解決は順番です。先にテーブル設計、次にSQLで正しく作る、最後にPythonで検証→運用。
現場エピソード
筆者(ふみと)は大手企業で10年、100件以上の案件を担当しました。評価されたのは、「SQLで正しく出す → Pythonで検証 → 意思決定に翻訳」の速さと安定。粒度・主キー・時点を1枚のデータ辞書に落とし、SQLのCTEで“意味のある表”を積み上げ、pandasで再現性の検査を回す──この型で炎上案件が驚くほど減りました。
ステップ1:粒度・主キー・時点を決める(データ辞書テンプレ)
まずは行が何を表すのか(粒度)、一意な組(主キー)、どの時点の値かを明確にします。

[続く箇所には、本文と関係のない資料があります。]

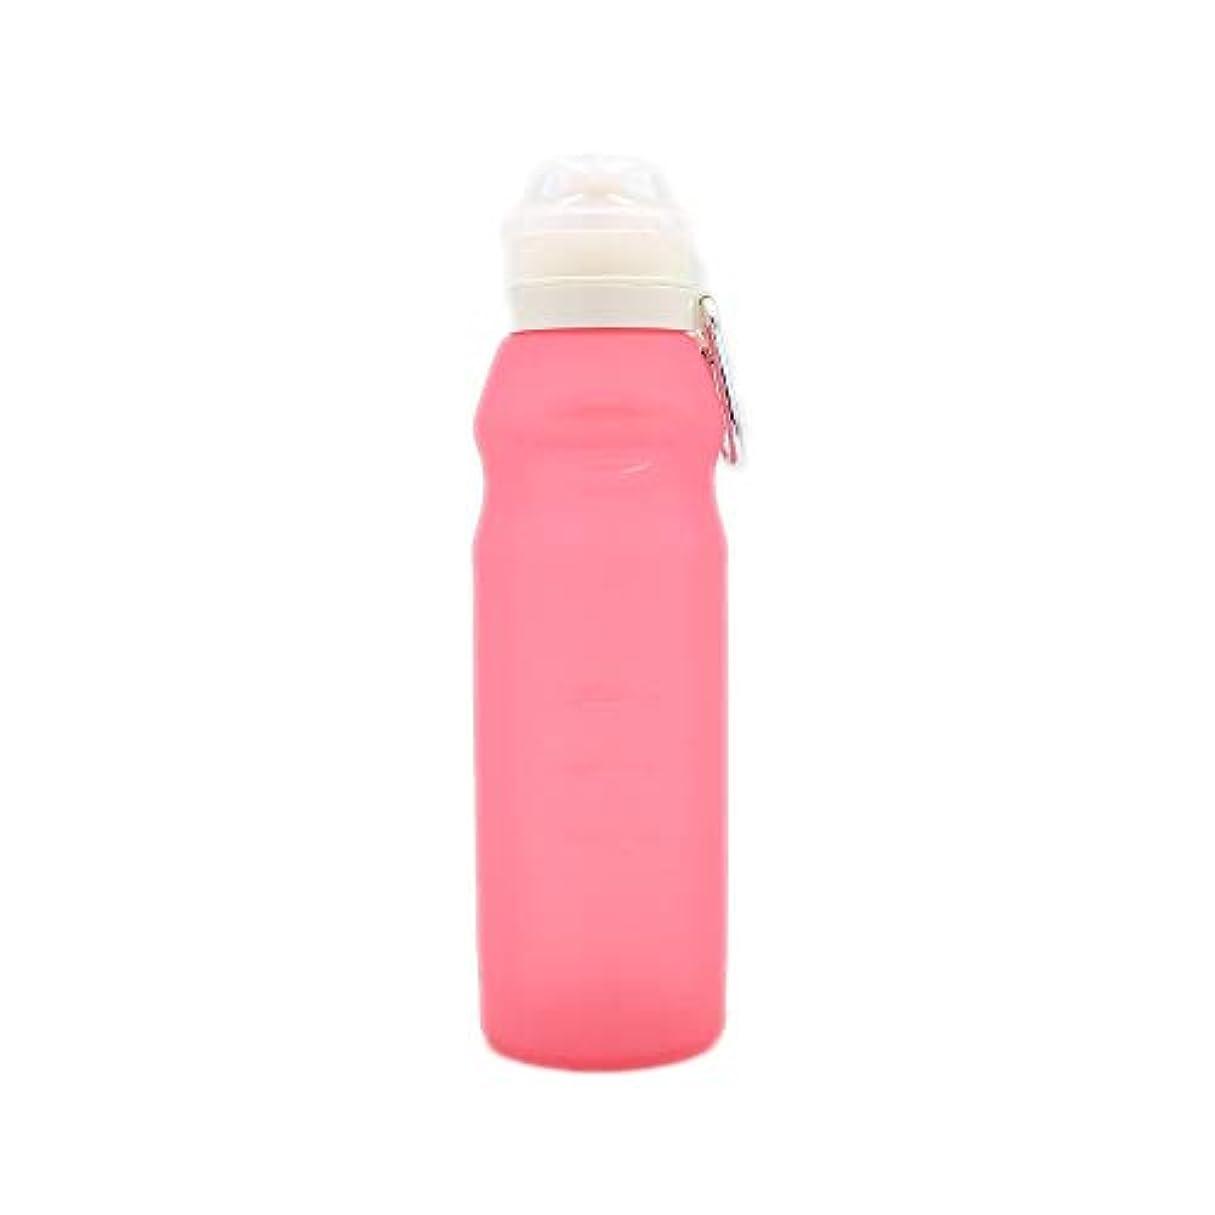 旋律的軍隊契約した折りたたみスポーツボトル600ミリリットルスポーツウォーターボトルプラスチック飲料ボトル屋外キャンププロテインパウダーシェーカーボトル
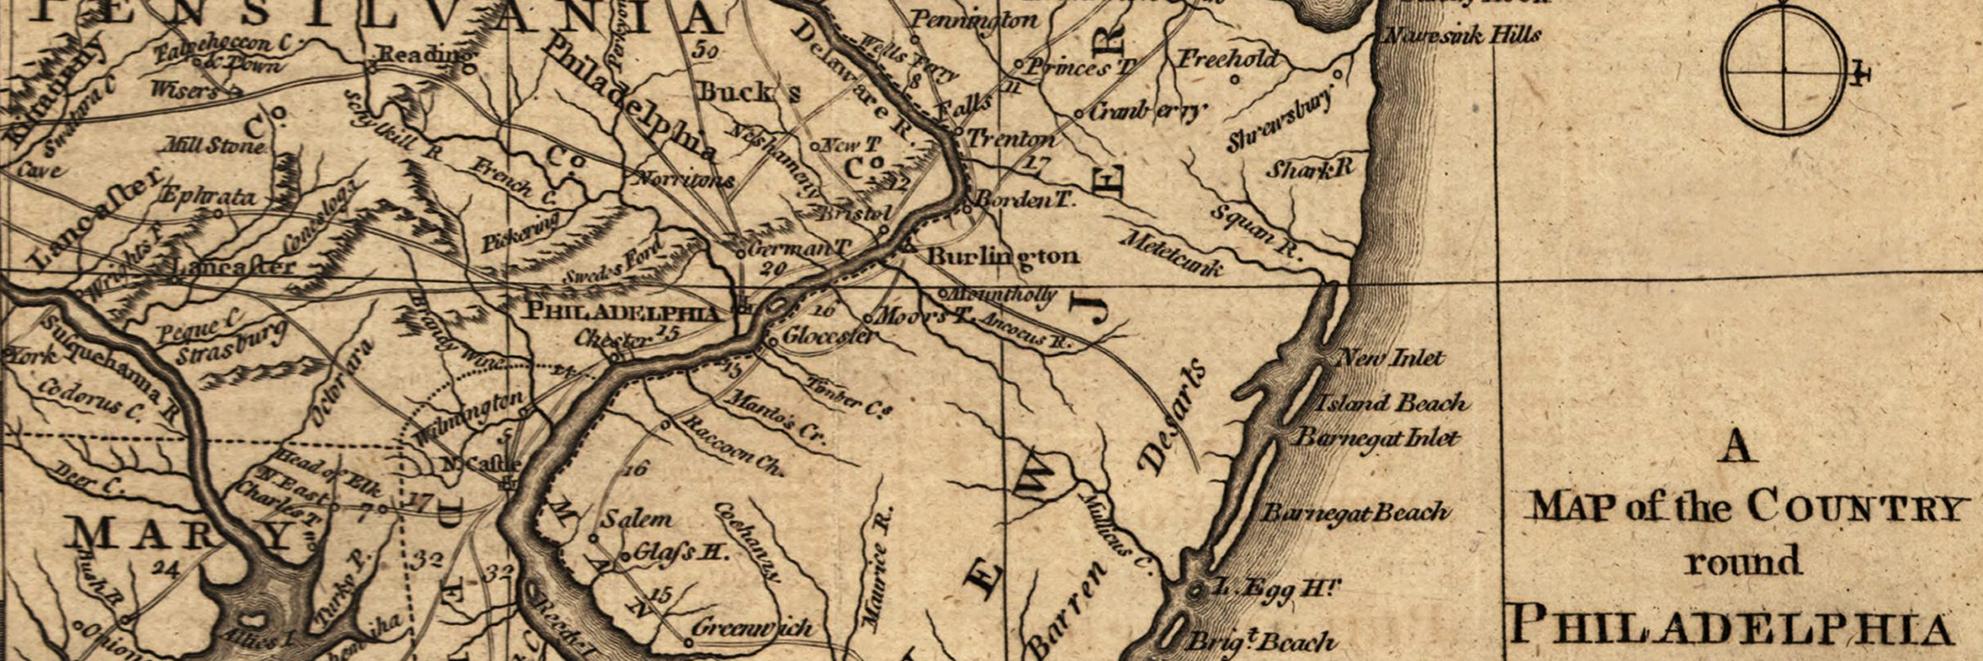 Philadelphia region 1776

ここが曖昧だと、以降のSQL・可視化・モデル化まで全部がブレます。
テーブル: orders
粒度: 注文行(order_id, line_no)
主キー: (order_id, line_no)
時刻: ordered_at(JST)
外部参照: customers(customer_id), price_history(sku, valid_from, valid_to)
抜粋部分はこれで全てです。